Untersuchen Sie Ihre medizinische und sexuelle Vorgeschichte. Diese Aufzeichnungen können helfen, Erkrankungen zu erkennen, die Erektionsstörungen verursachen können. Dies kann dem Arzt helfen, zwischen Erektionsproblemen, Ejakulation und sexuellem Verlangen zu unterscheiden.

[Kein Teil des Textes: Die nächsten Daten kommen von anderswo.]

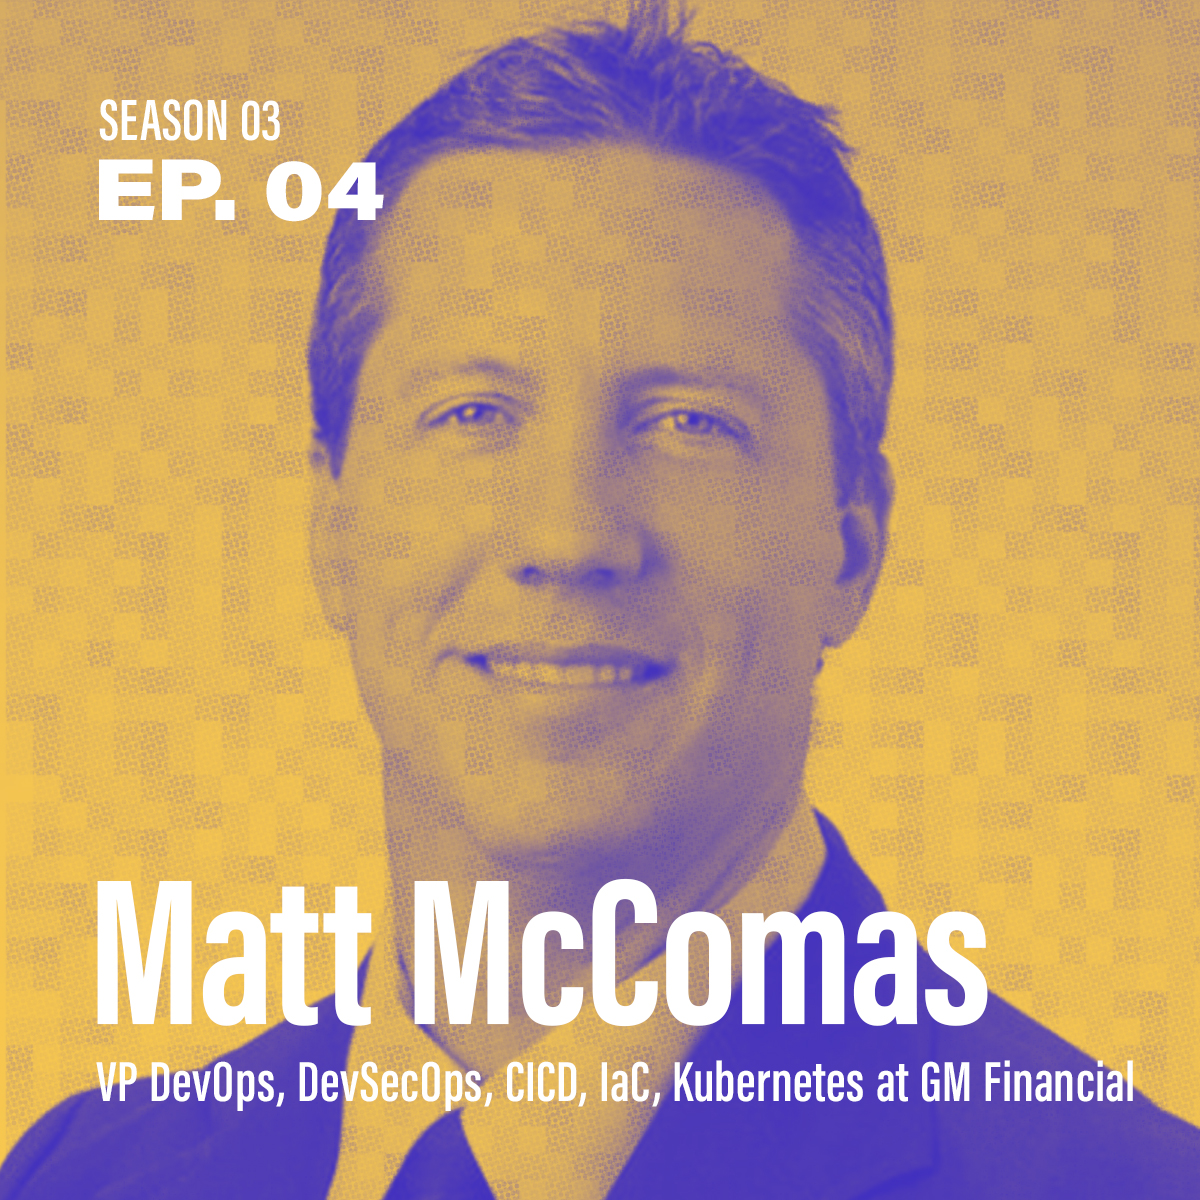 Season 3, Episode 4 - "Is a slow cloud adoption better?" with Matt McComas, VP of DevOps, GM Financial

  • Körperliche Untersuchung: Damit soll festgestellt werden, ob es ein zugrunde liegendes Problem gibt.
    • Probleme mit dem Nervensystem. Dieses Problem könnte durch einen Penis verursacht werden, der auf bestimmte Berührungspunkte unterschiedlich reagiert.
    • Sekundäre Geschlechtsmerkmale. Haarwuchs kann auf hormonelle Probleme im endokrinen System hinweisen.
    • Abnorme Merkmale des Penis. Dies könnte der Grund für ED sein.
  • Laboruntersuchungen: Zu diesen Tests können Blutbild und Urinuntersuchung gehören. Ein geringer Sexualtrieb kann ein Zeichen für ein Problem im endokrinen System sein.
  • Penis-Ultraschall: Damit wird der Blutfluss im Penis gemessen.
  • Psychosoziale Untersuchung: So lassen sich psychologische Faktoren ermitteln, die Ihre Leistung beeinträchtigen könnten. Es können auch Interviews mit Ihrem Sexualpartner durchgeführt werden.